Festival de Cannes: «Ma vie de courgette» rend la Croisette végétarienne

ANiMATION Ce film d'animation coscénarisé par Céline Sciamma est un véritable coup de cœur...

De notre envoyée spéciale à Cannes, Caroline Vié

— 

Ma vie de Courgette de Claude Barros
Ma vie de Courgette de Claude Barros — Rita production

C’est l’un des gros coups cœur du festival. Ma vie de courgette de Claude Barras fait partager la vie quotidienne d’un foyer pour enfants en difficulté. Le jeune Courgette, petit garçon sensible, y apprend l’amour et l’amitié. « C’est un film qui se veut joyeux et optimiste bien qu’il aborde des sujets graves », précise le réalisateur suisse.

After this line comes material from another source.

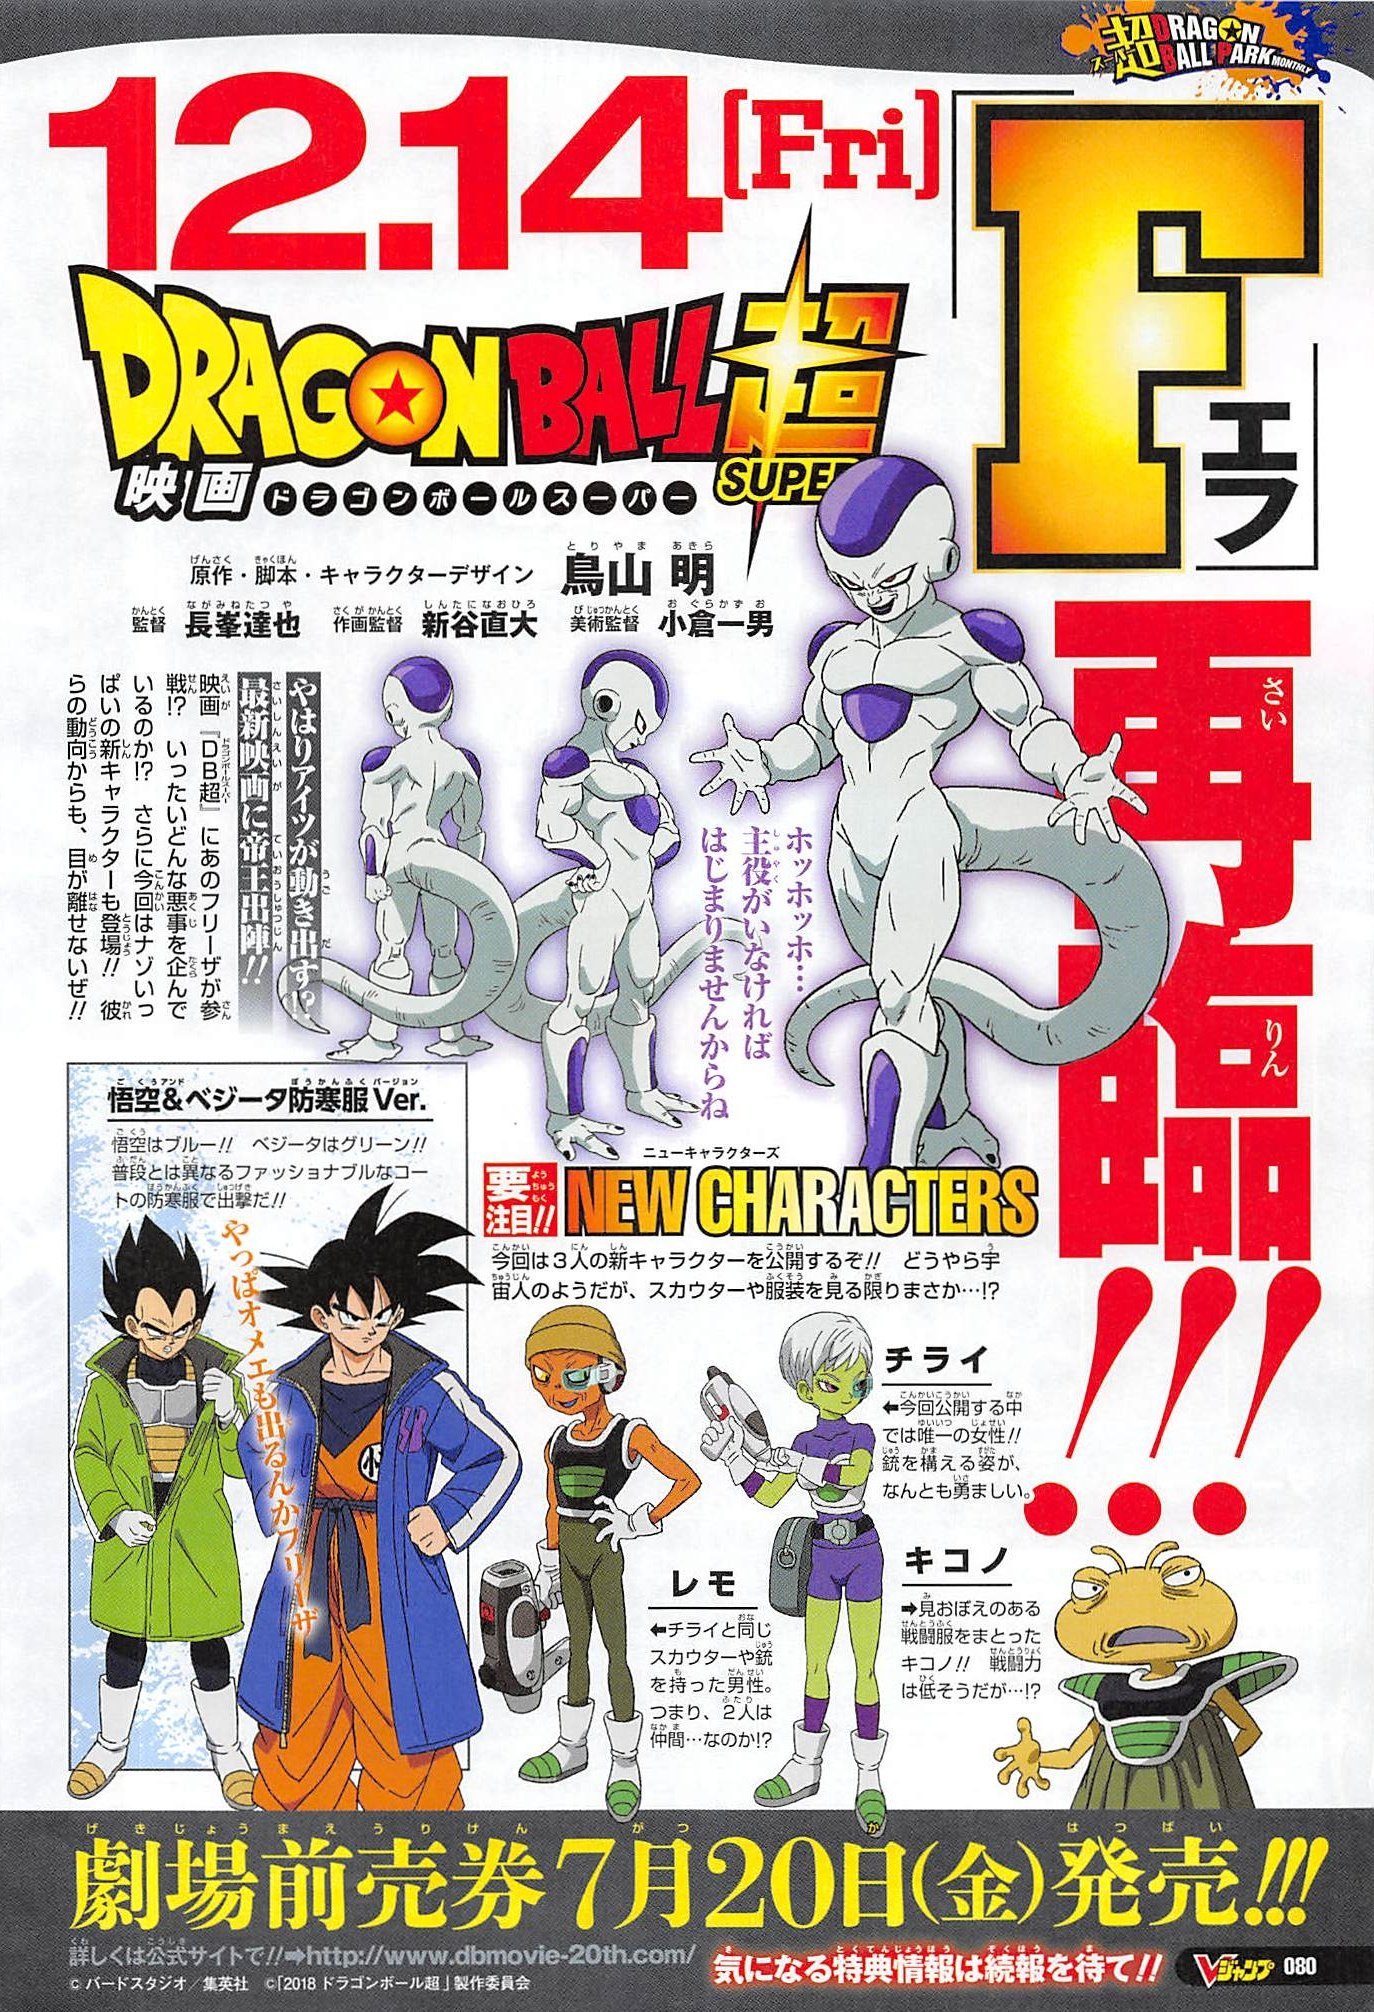 Dragon Ball Super: Broly terá adaptação em mangá - NerdBunker

>> A lire aussi : Cette année, les toons envahissent la Croisette

La reconnaissance du cinéma d’animation

Réalisé avec des marionnettes selon la technique de la stop motion, ce poème animé trouve le ton juste entre social et poésie. « C’était la gageure et le film a été difficile à développer car le cinéma d’animation abordant des sujets sérieux rend les financiers frileux », précise Claude Barras. Sa sélection à Cannes l’a enchanté. « Il est certain que cela va aider le film à se vendre dans le monde entier. C’est aussi la preuve que le cinéma d’animation est de plus en plus reconnu ce qui fait chaud au cœur. » La Quinzaine des réalisateurs a eu du nez en sélectionnant cette chronique tendre autour d’enfants blessés mais solidaires.

Céline Sciamma s’anime

La réalisatrice de Bande de filles est venue prêter main-forte pour l’écriture du scénario. "Elle venait de faire Tomboy et j’ai donc trouvé qu’il s’agissait de la personne idéale pour approfondir la psychologie de mes héros", insiste Claude Barras. De son côté, Céline Sciamma a pris un immense plaisir à découvrir le film sur lequel elle a travaillé trois ans auparavant. « Je m’en suis tenue à mon rôle de scénariste. C’était étrange de me sentir à la fois lointaine et proche de héros que je n’avais pas côtoyé depuis longtemps », raconte Céline Sciamma. Elle a été l’une des premières spectatrices à s’enthousiasmer pour le film. On fait le pari qu’elle ne sera pas la dernière.